* [ACTIVITY]: Leave the pictures out. Return the rest of the listing below exactly.

* [GIVEN DATA]:
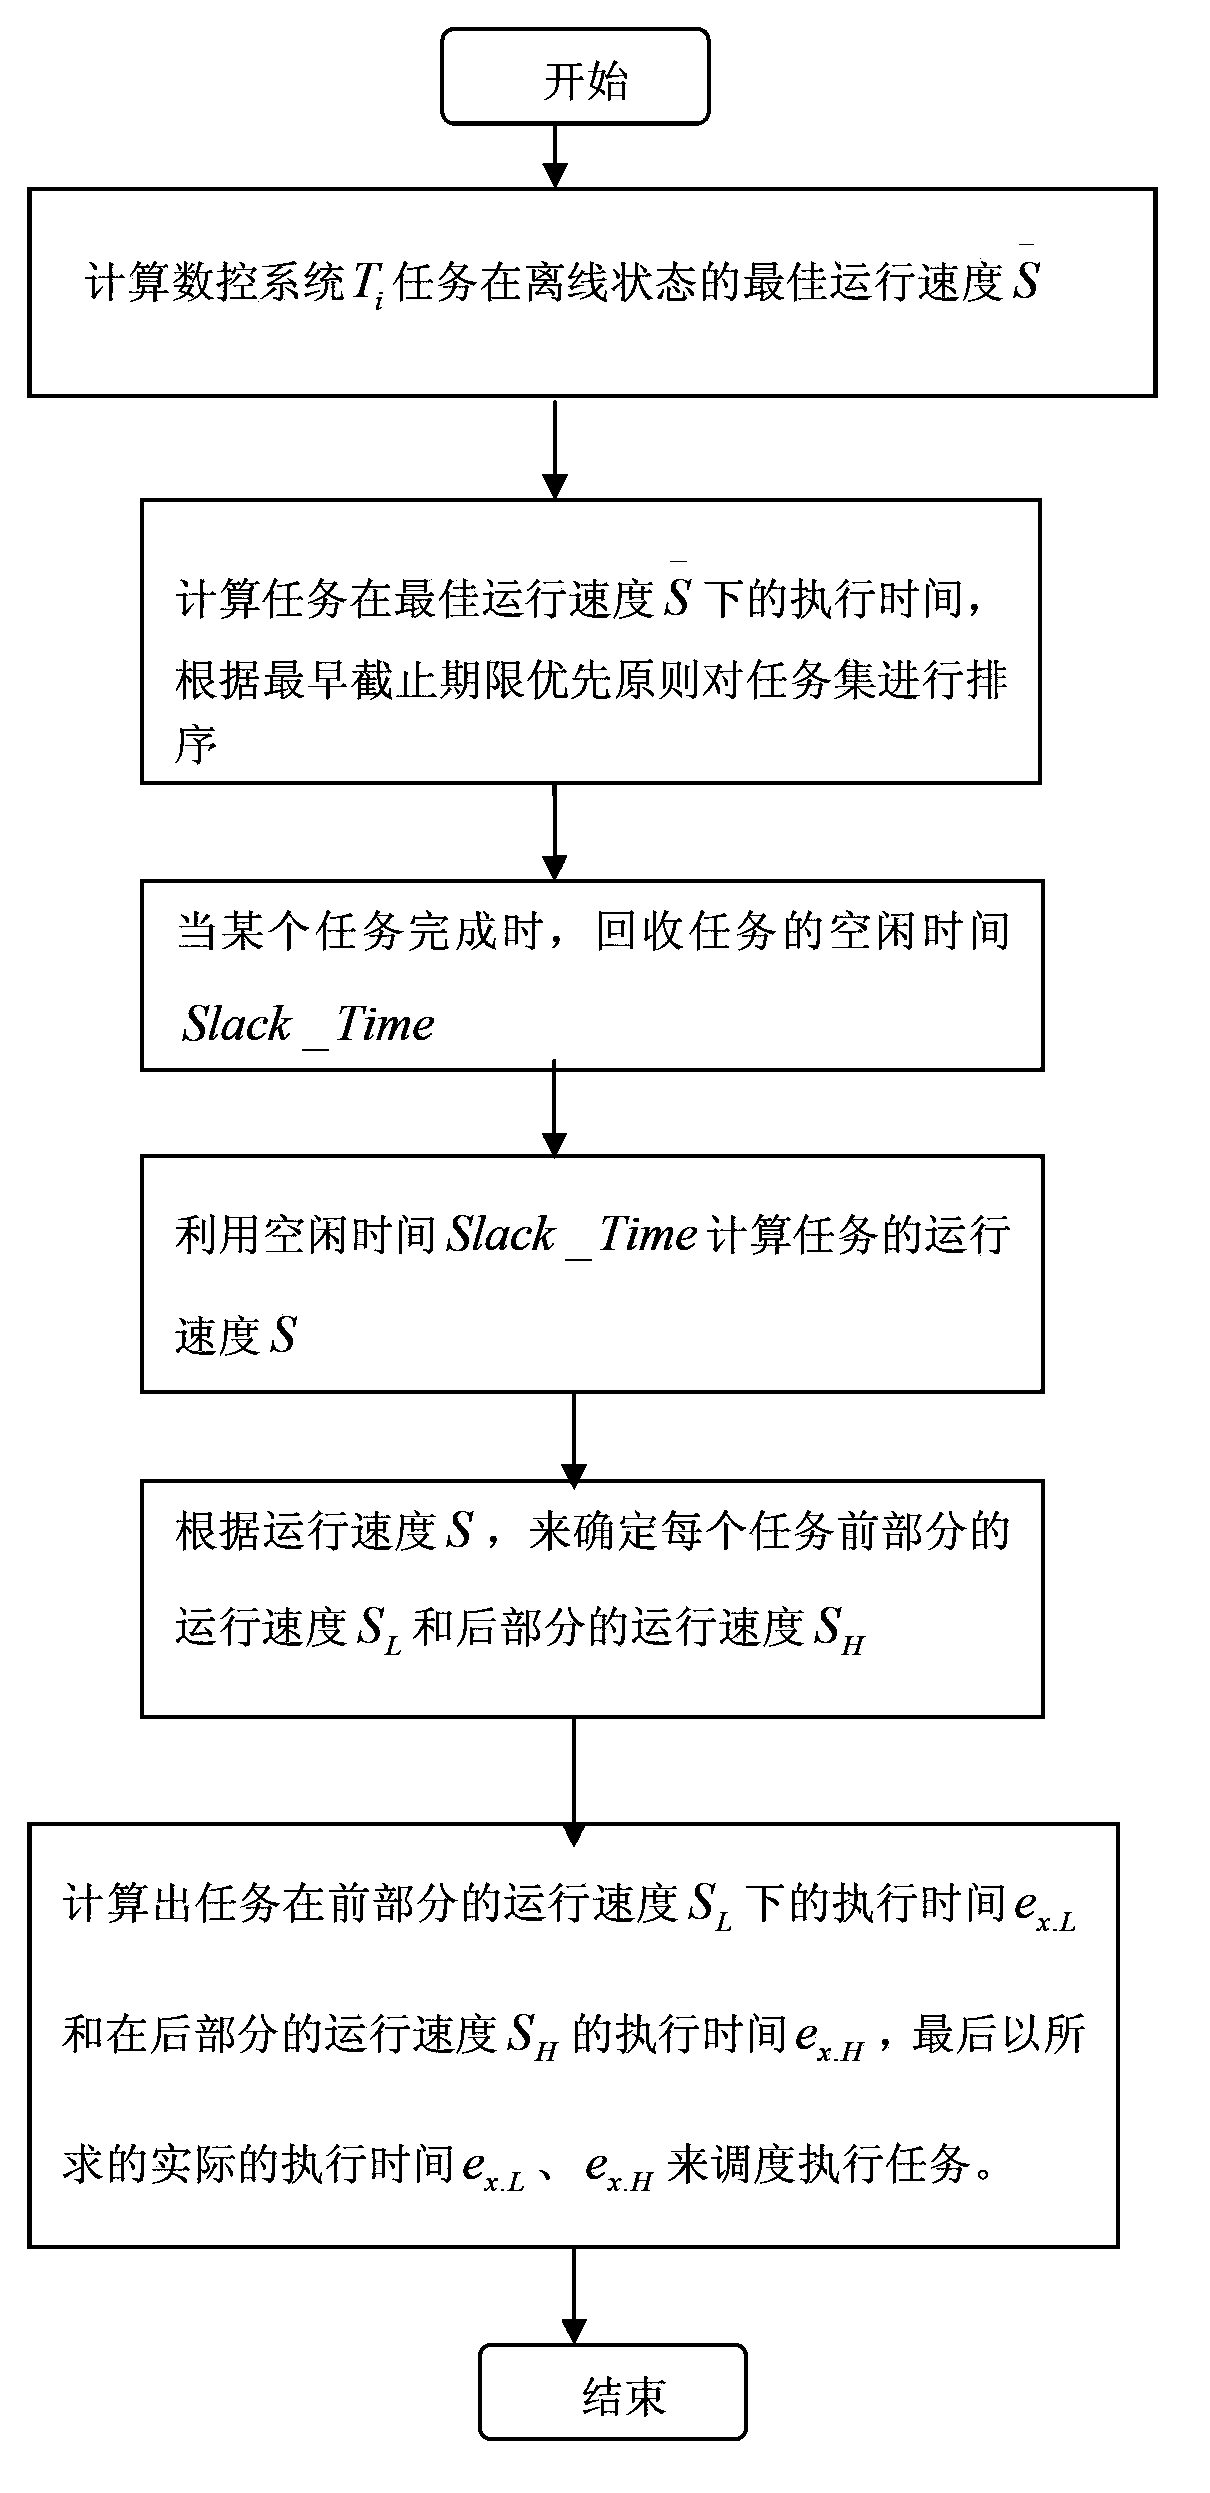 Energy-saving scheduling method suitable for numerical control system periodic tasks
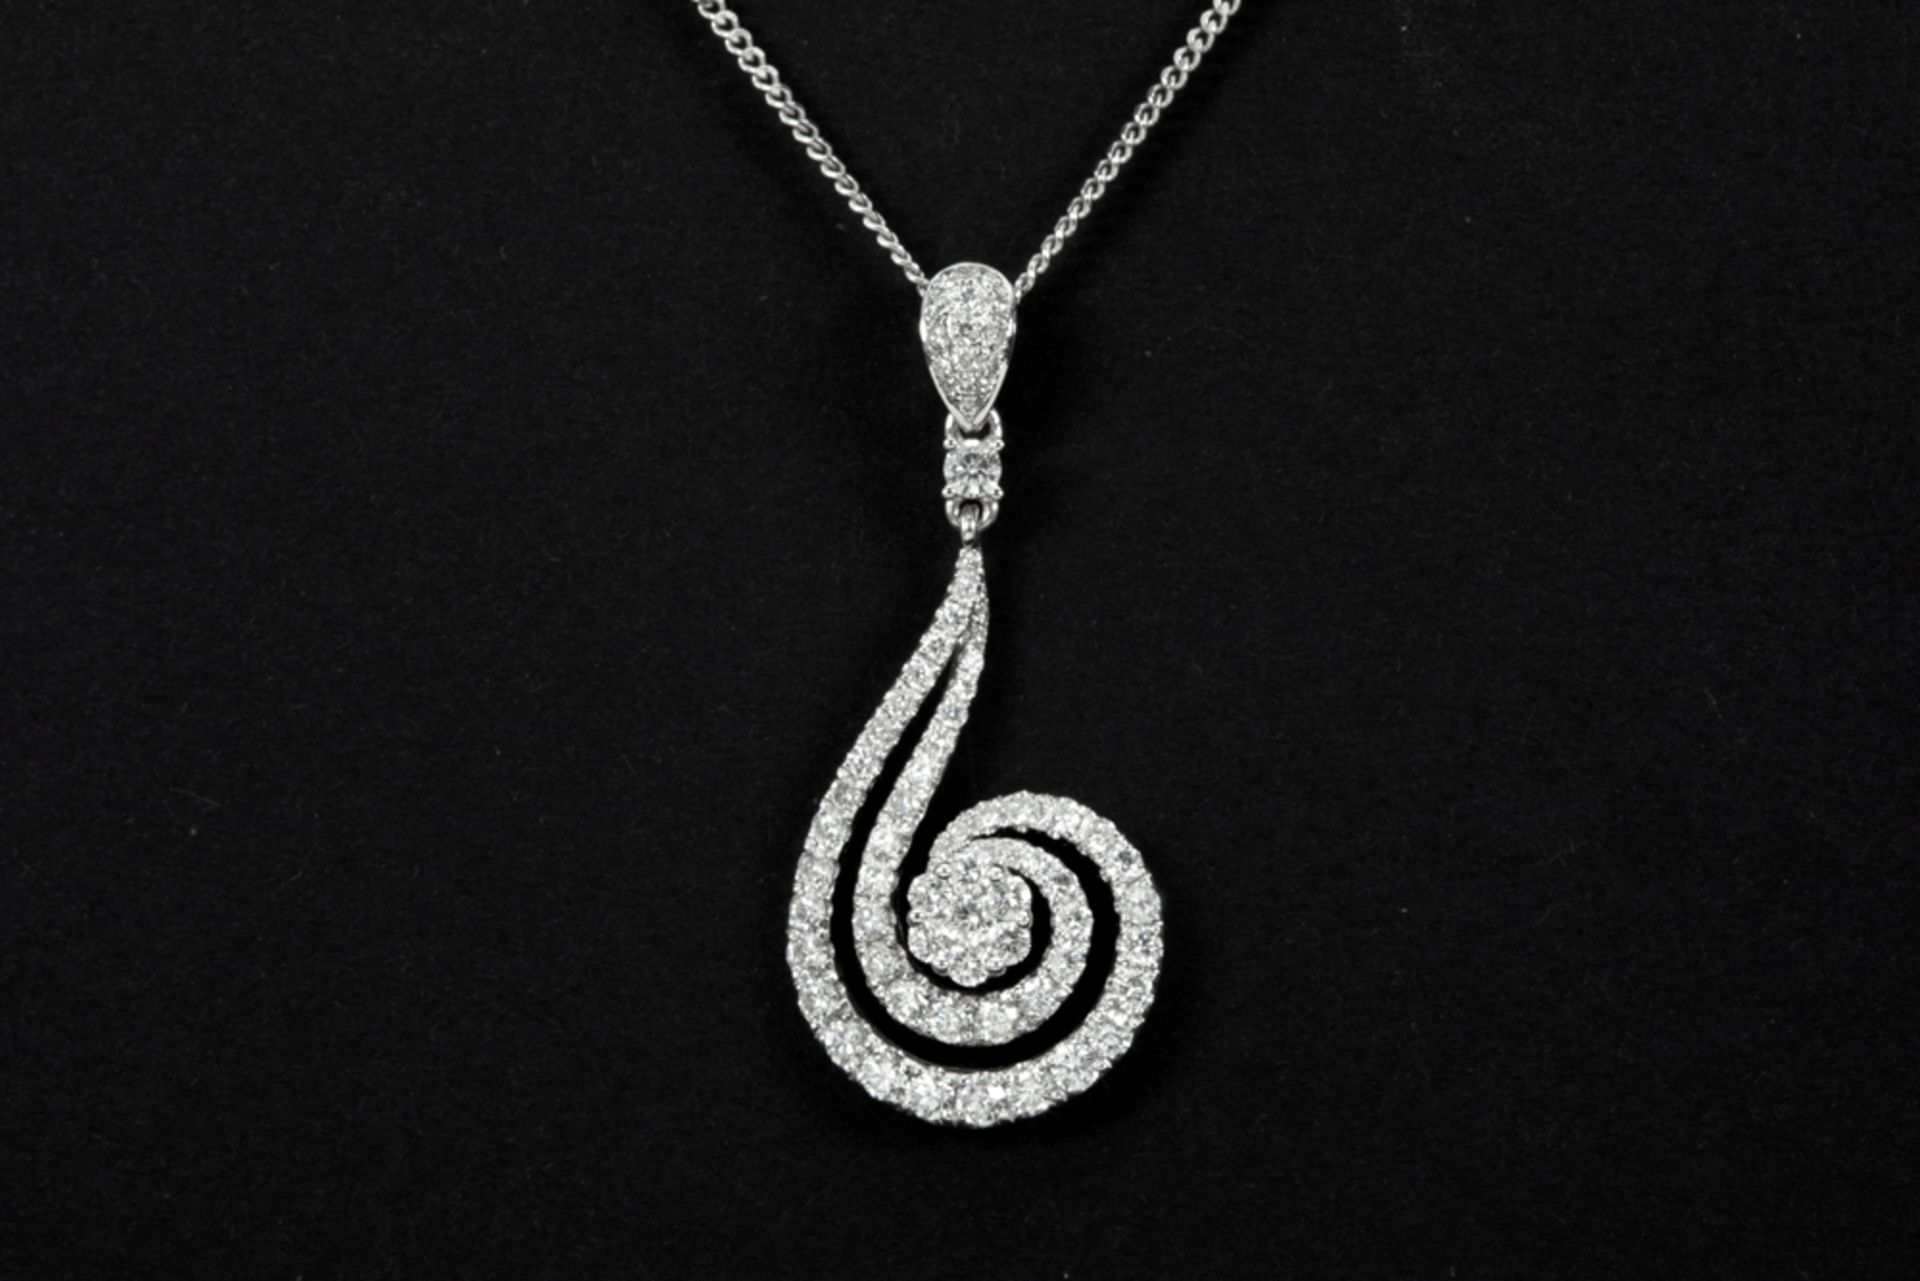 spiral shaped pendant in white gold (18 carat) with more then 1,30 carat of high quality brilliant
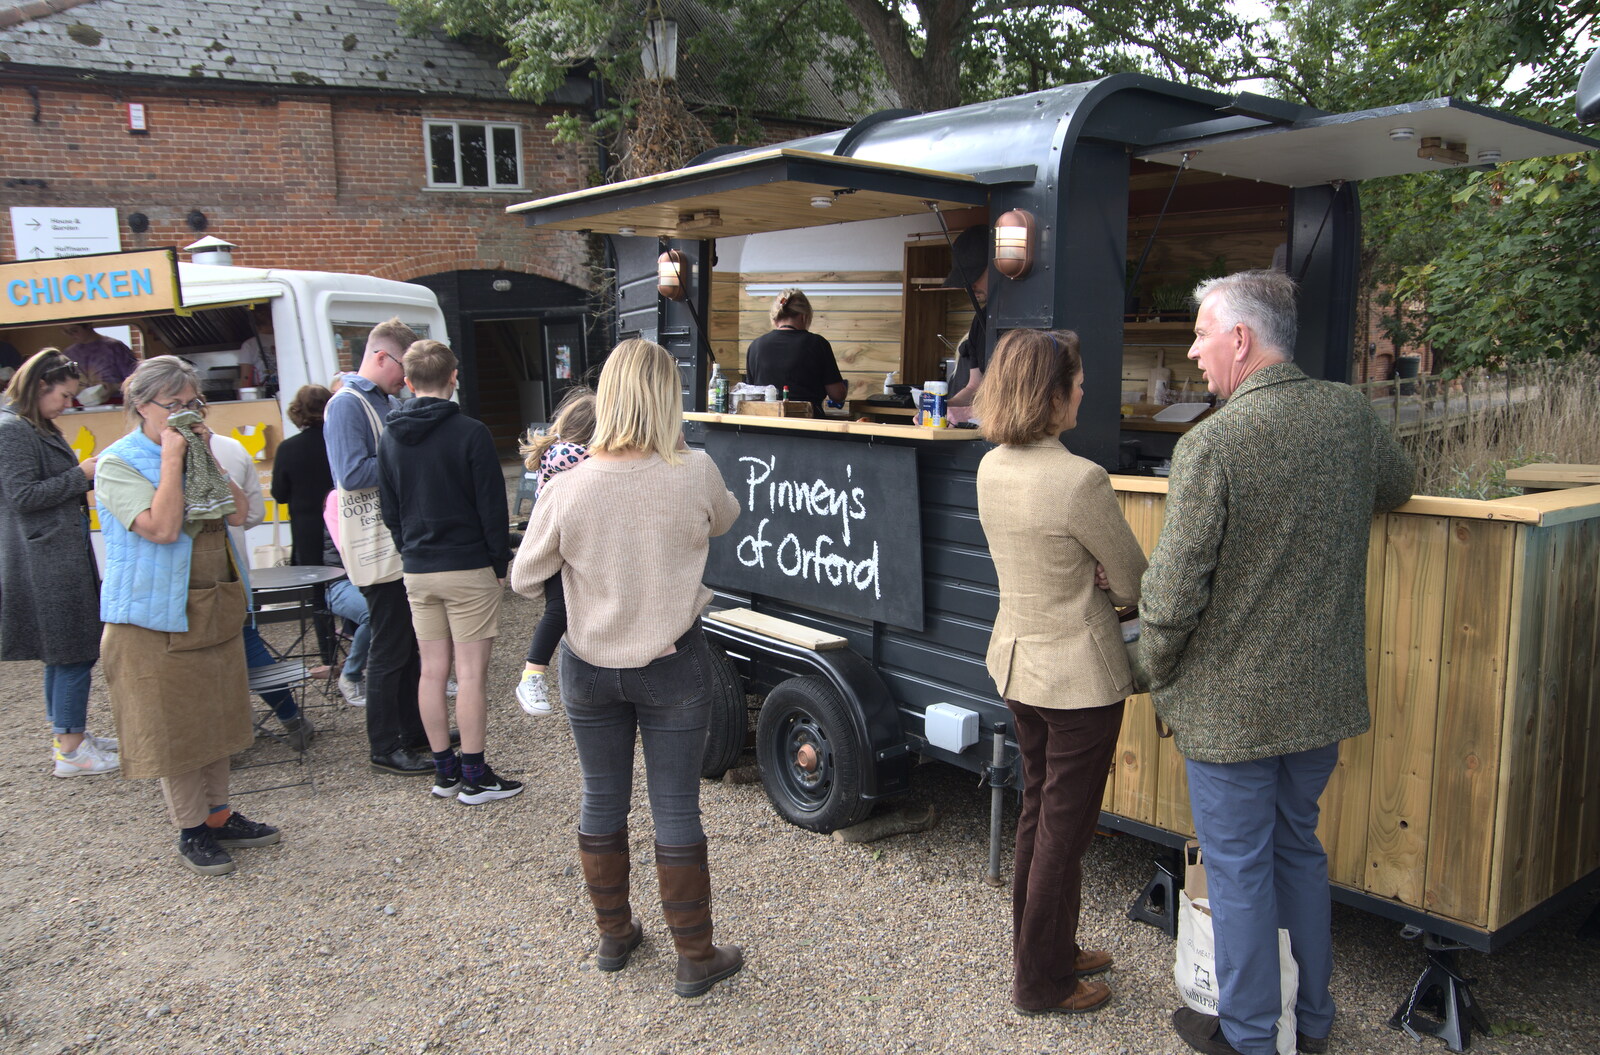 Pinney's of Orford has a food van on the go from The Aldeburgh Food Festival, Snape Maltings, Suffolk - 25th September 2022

* [SOLUTION TO THIS PROBLEM]:
 Energy-saving scheduling method suitable for numerical control system periodic tasks
 spiral shaped pendant in white gold (18 carat) with more then 1,30 carat of high quality brilliant
 Pinney's of Orford has a food van on the go from The Aldeburgh Food Festival, Snape Maltings, Suffolk - 25th September 2022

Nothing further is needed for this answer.